WHAT YOU NEED TO DO: Give back the full listing, character for character, with no pictures.

INPUT DATA:
+===+

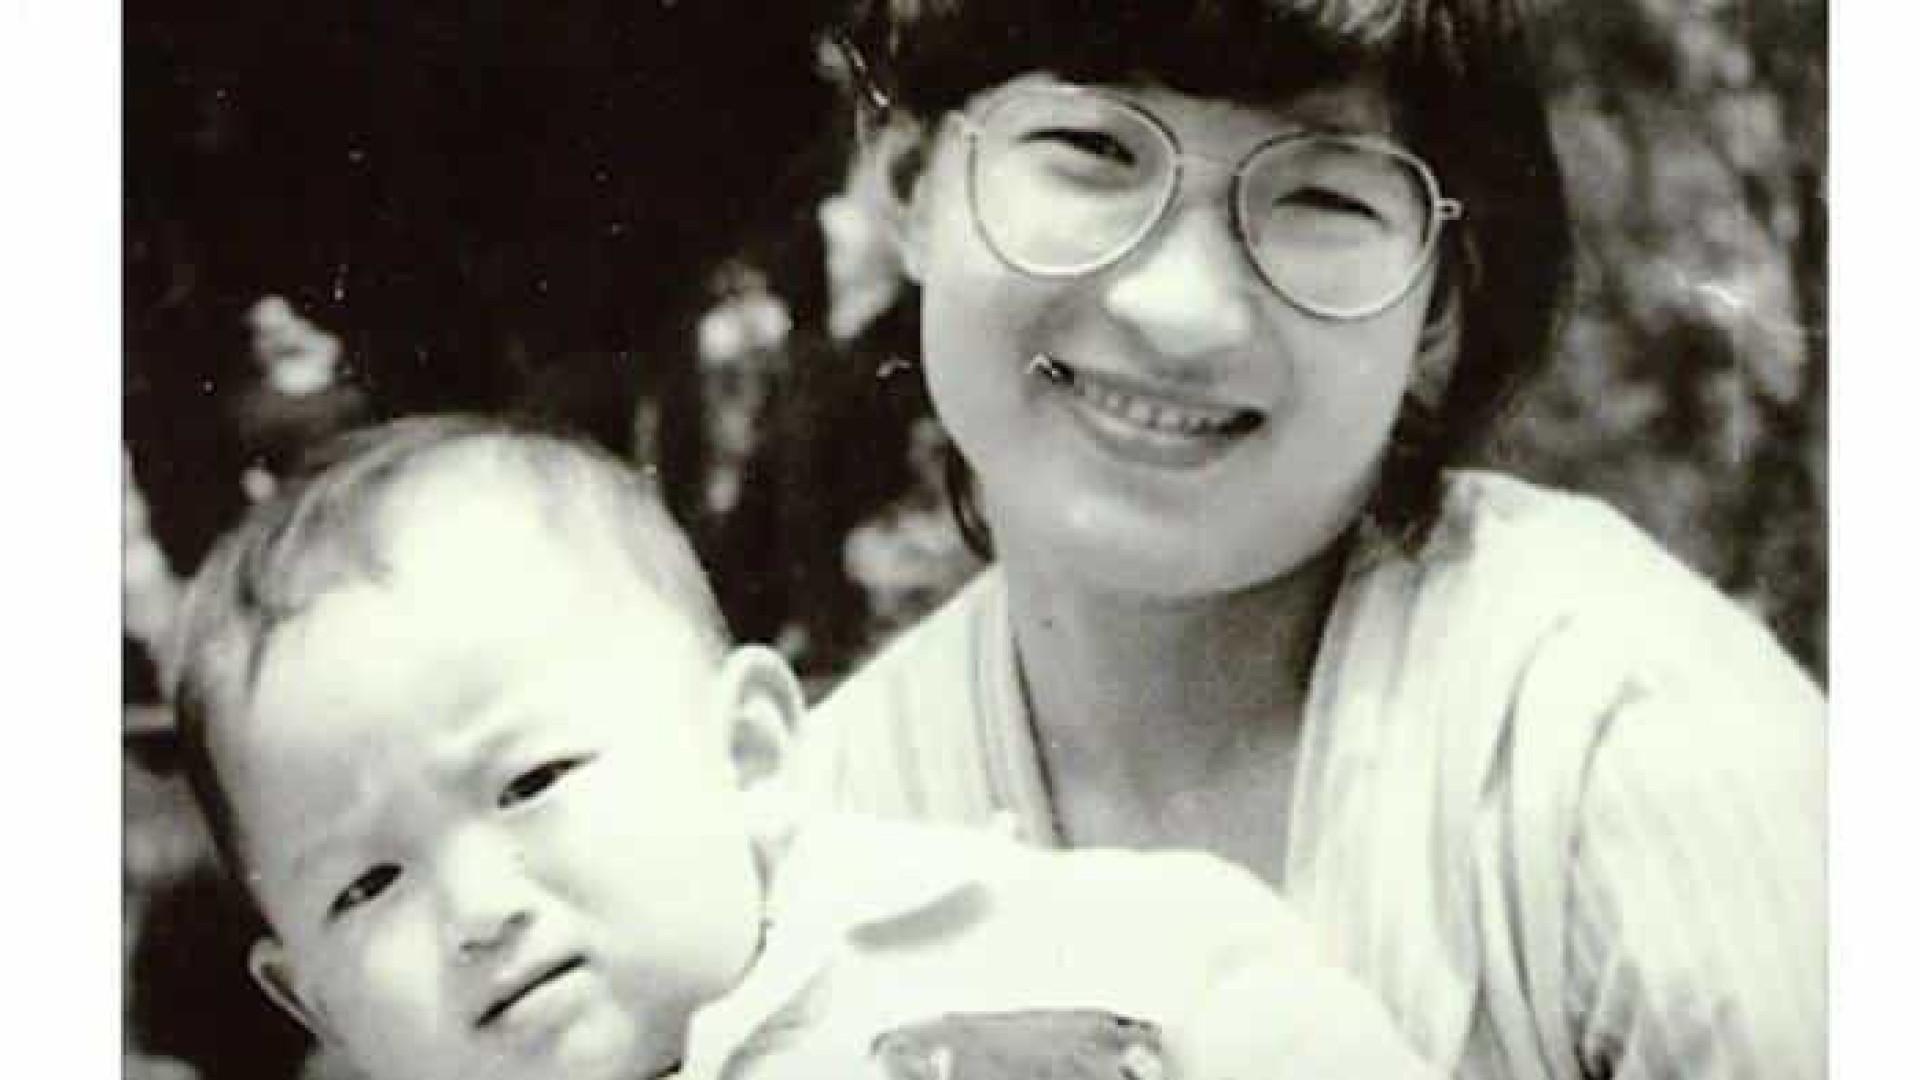 Reconhecimento facial reúne homem com família biológica 32 anos depois
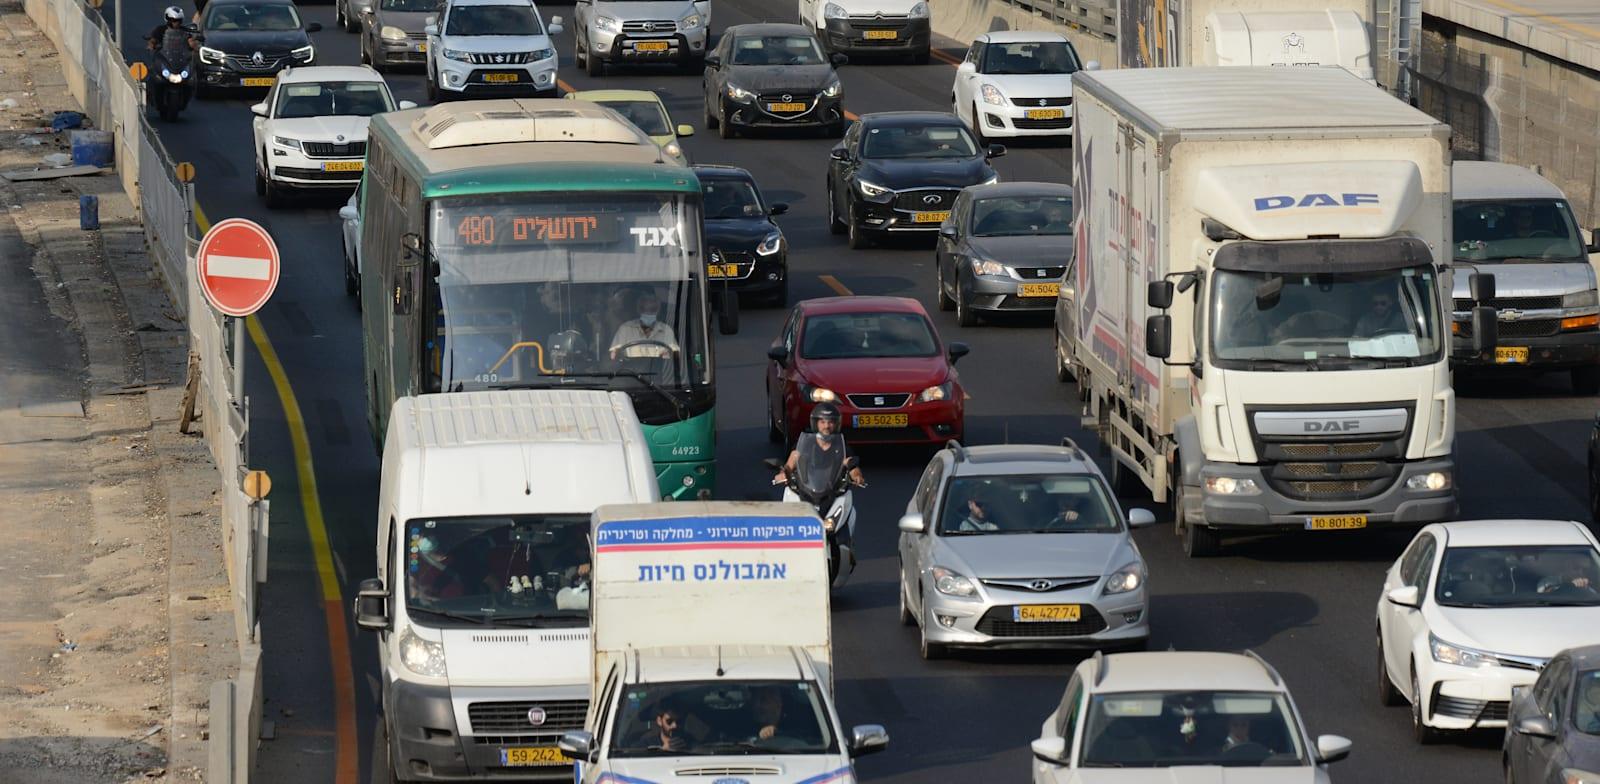 """פקקים בכניסה לת""""א. ב־OECD מעריכים כי עלות הגודש התחבורתי עומדת על כ־2% מהתוצר הגולמי של ישראל / צילום: איל יצהר"""
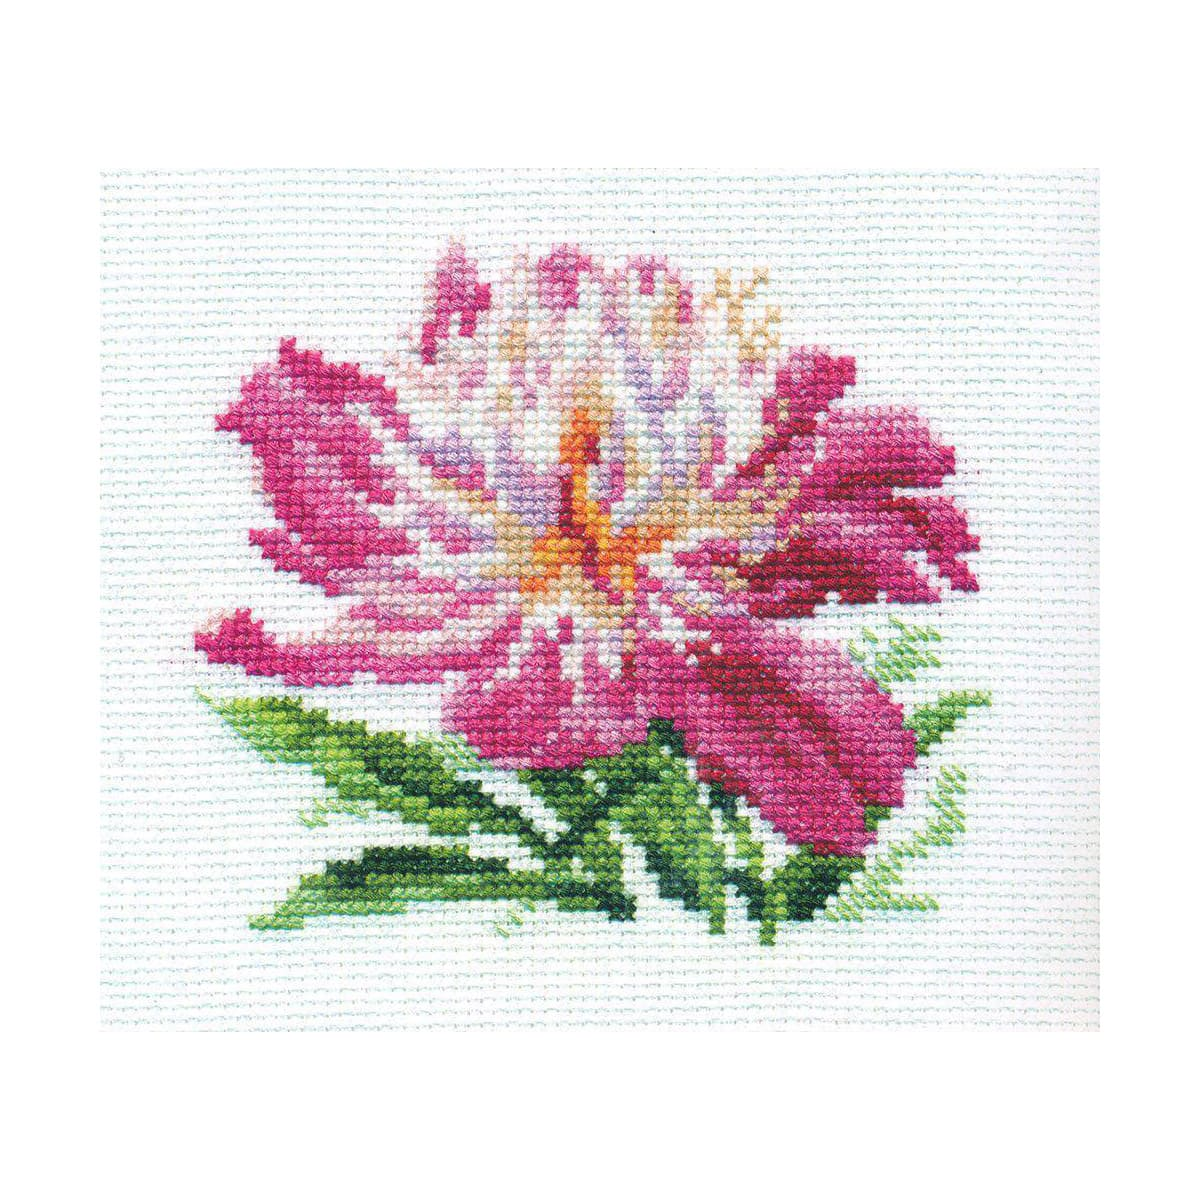 0-119 Набор для вышивания 'Алиса' 'Розовый пион', 10*11 см
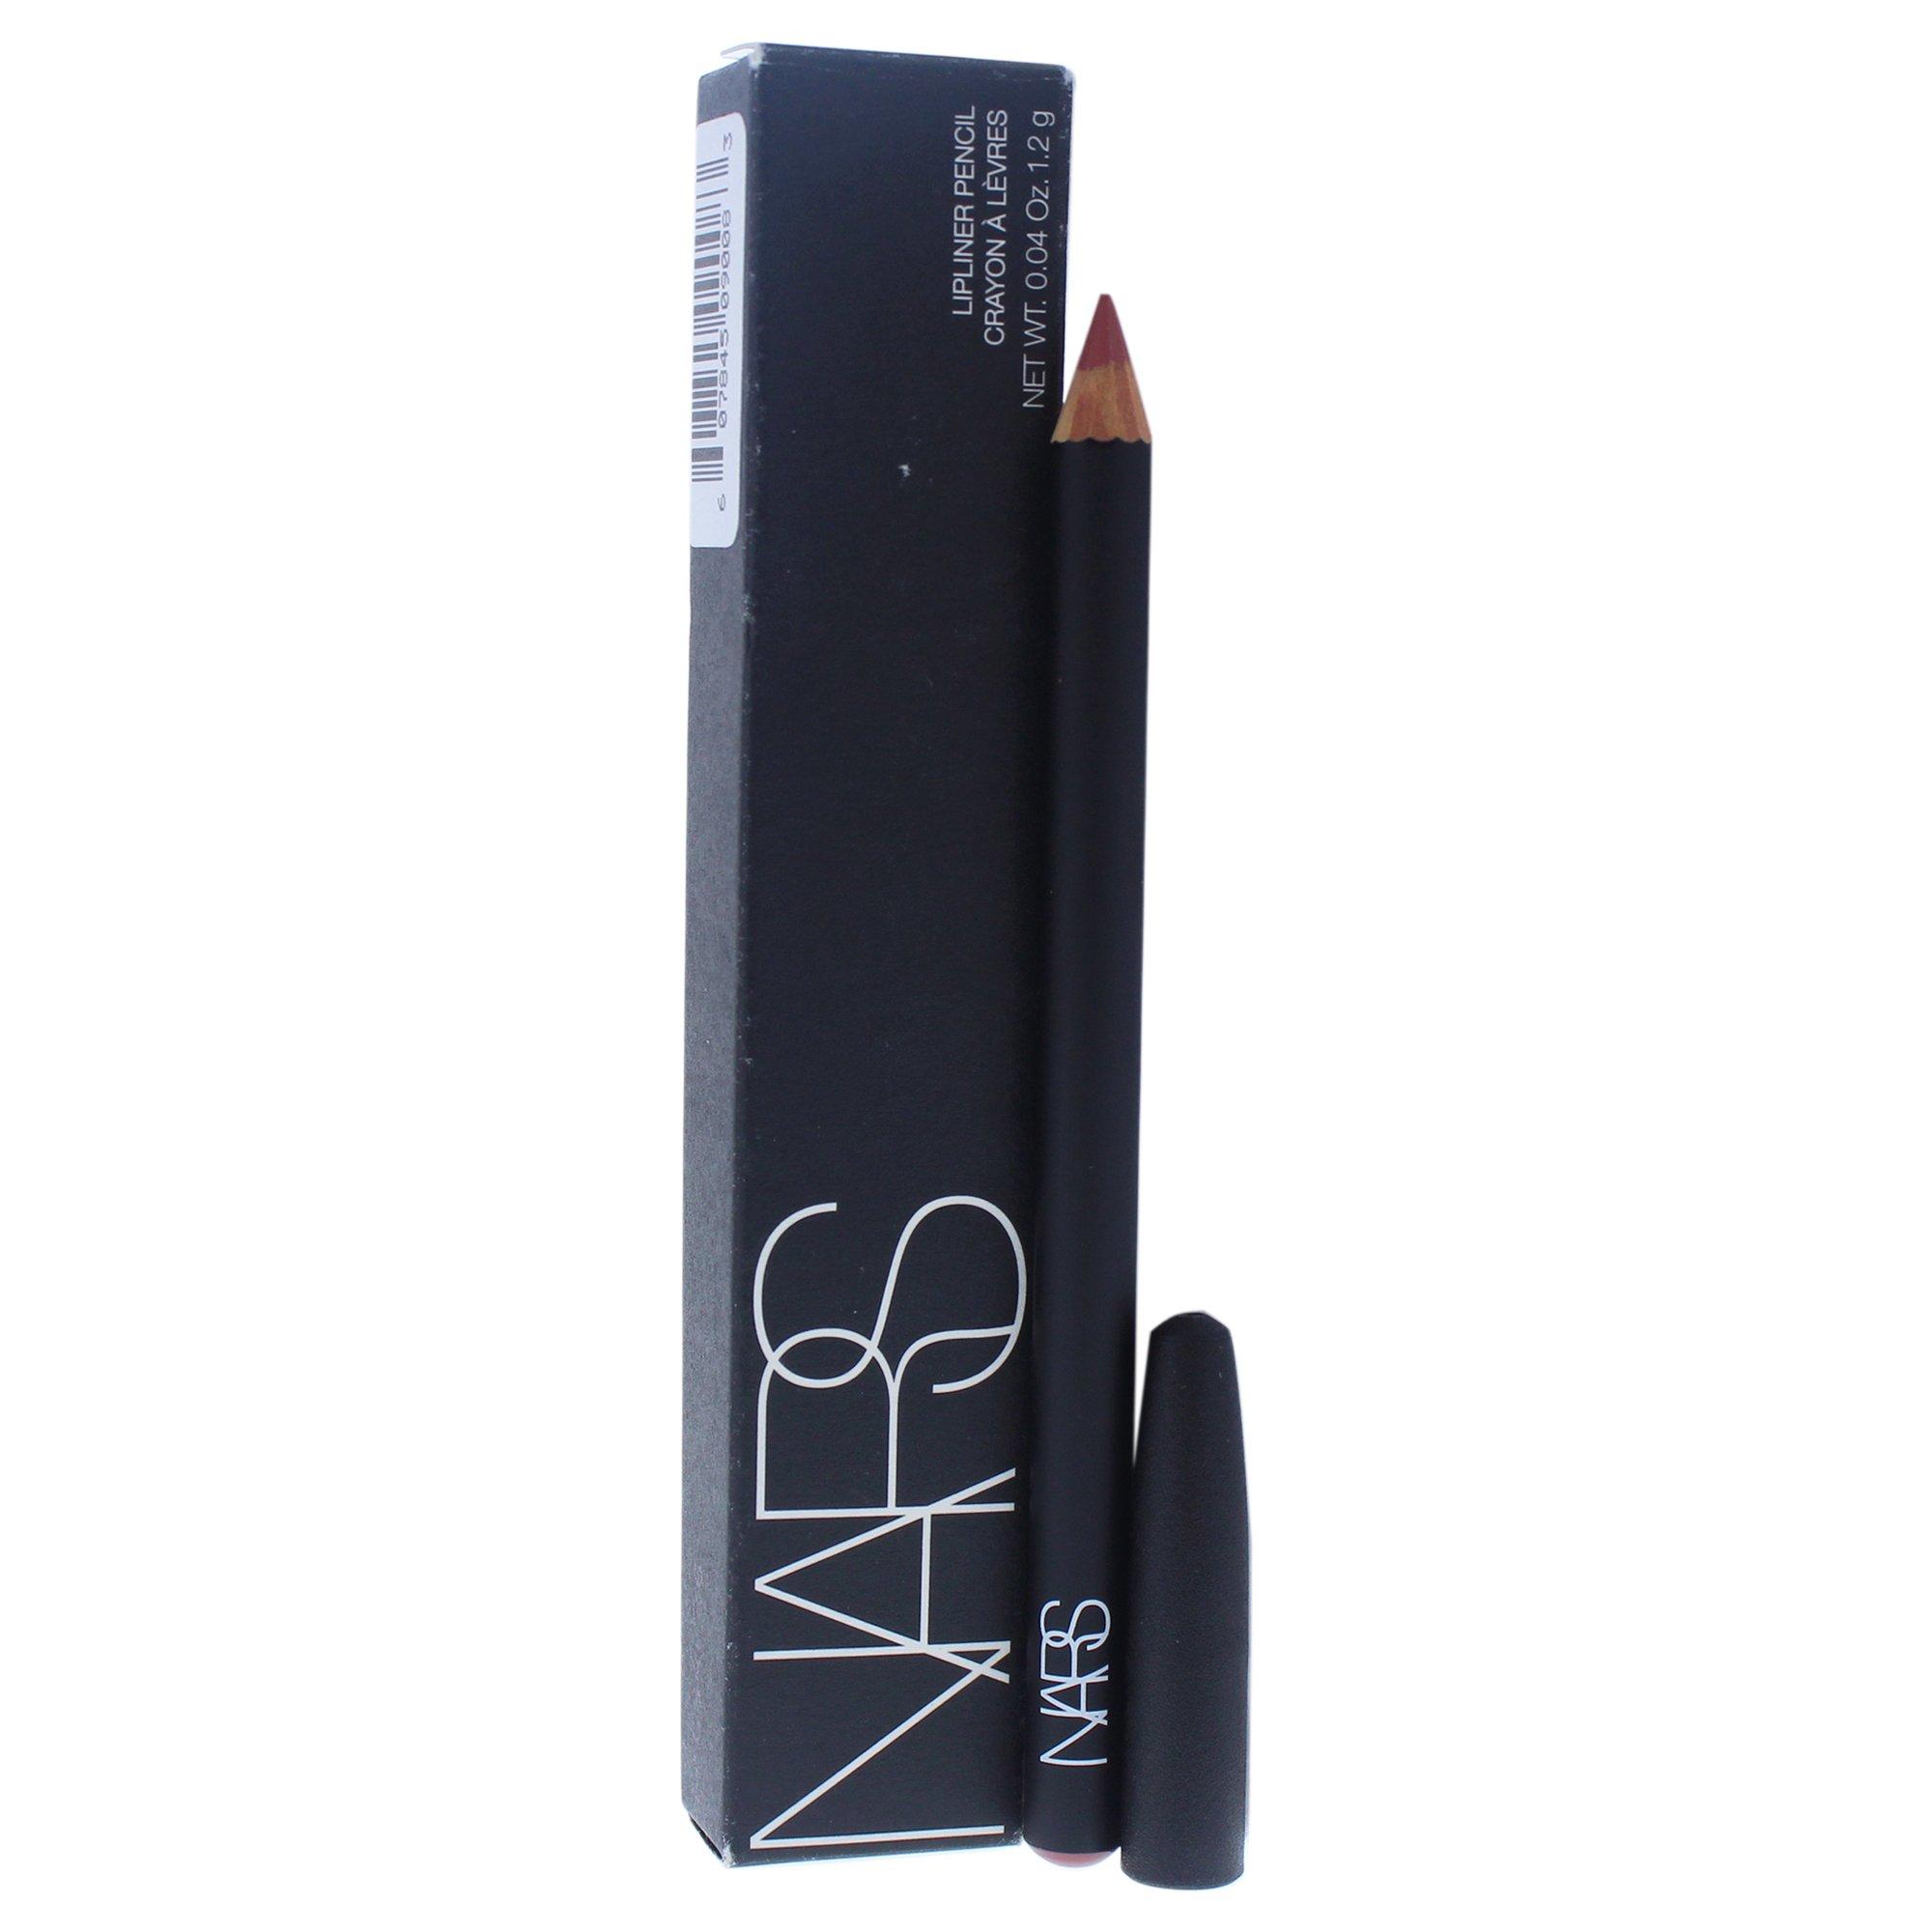 NARS Lip Liner Pencil, Rosebud

+===+

EXERCISE OUTPUT:
 Reconhecimento facial reúne homem com família biológica 32 anos depois
 """פקקים בכניסה לת""""א. ב־OECD מעריכים כי עלות הגודש התחבורתי עומדת על כ־2% מהתוצר הגולמי של ישראל / צילום: איל יצהר"""
 0-119 Набор для вышивания 'Алиса' 'Розовый пион', 10*11 см
 NARS Lip Liner Pencil, Rosebud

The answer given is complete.